Quoting: jarhead_hWell, maybe they think there's a bunch of RTS players in the linux ecosystem and want to sell copies. The economics of different genres really are different. Stardock was one of the first devs to go DRM-free, and the reason they said that they did so is because no one steals RTS games. The pirates steal the hell out of shooters, but not strategy games.
Quoting: mylkawhy stealing? i dont think piracy is a big issue on linux. i know there are some linux games on warez sites, but they are mostly from gog.
rust also is a MP game. dont know if you can play a cracked copy online.
Piracy isn't an issue on Linux, because we barely get anything to pirate, and when we do we're so happy to be able to pay for whatever it is that we do so.
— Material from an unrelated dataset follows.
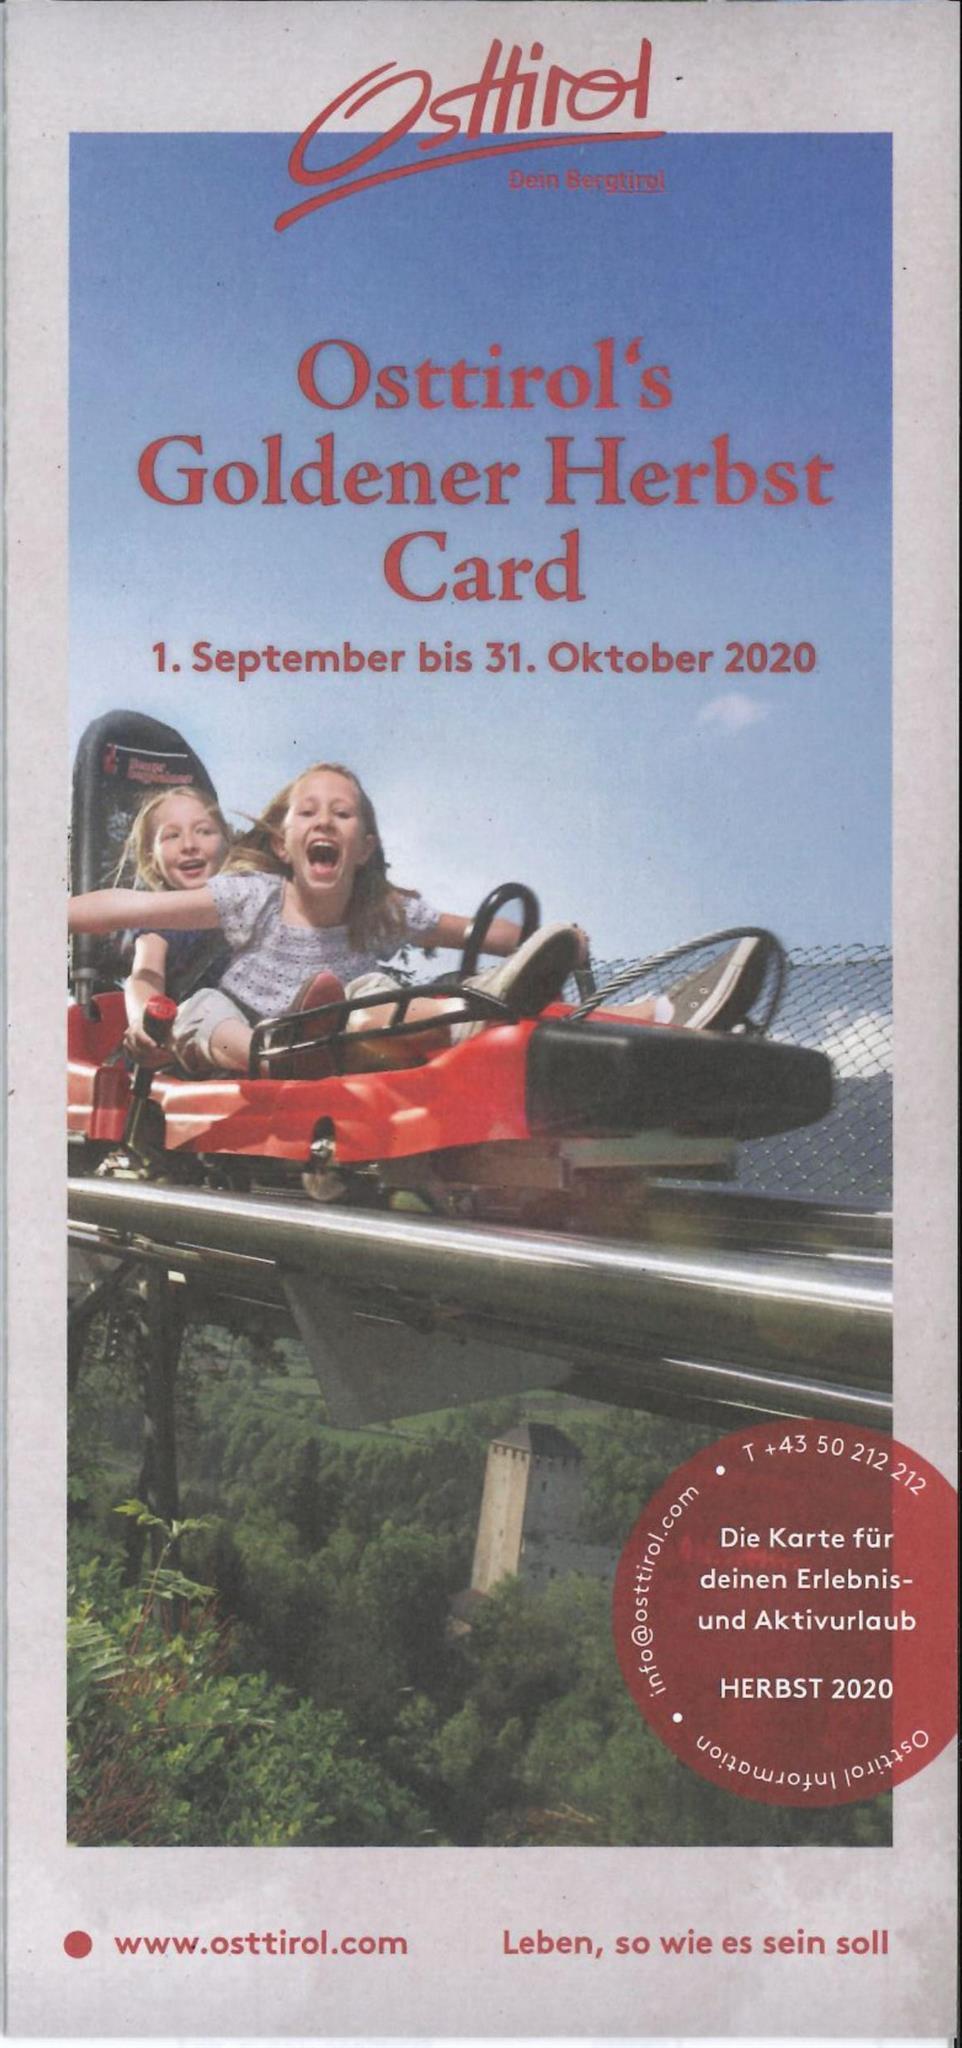 Osttirols-Goldener-Herbst-Card.jpg

But that's not what I'm talking about. Fans of real-time strategy games tend to be a different type of person than a shooter fan who is in turn a different type of person from a car racing fan and so on. Real time strategy games don't get pirated at anywhere near the rate as shooters do, presumably meaning that RTS fans are more willing to buy than steal. Stardock picked up on that years and years ago, and stopped using DRM in their games because the people that liked their games were going to pay for them, but at the same time the guy in charge said that if Stardock made shooters there was no way they'd take that approach.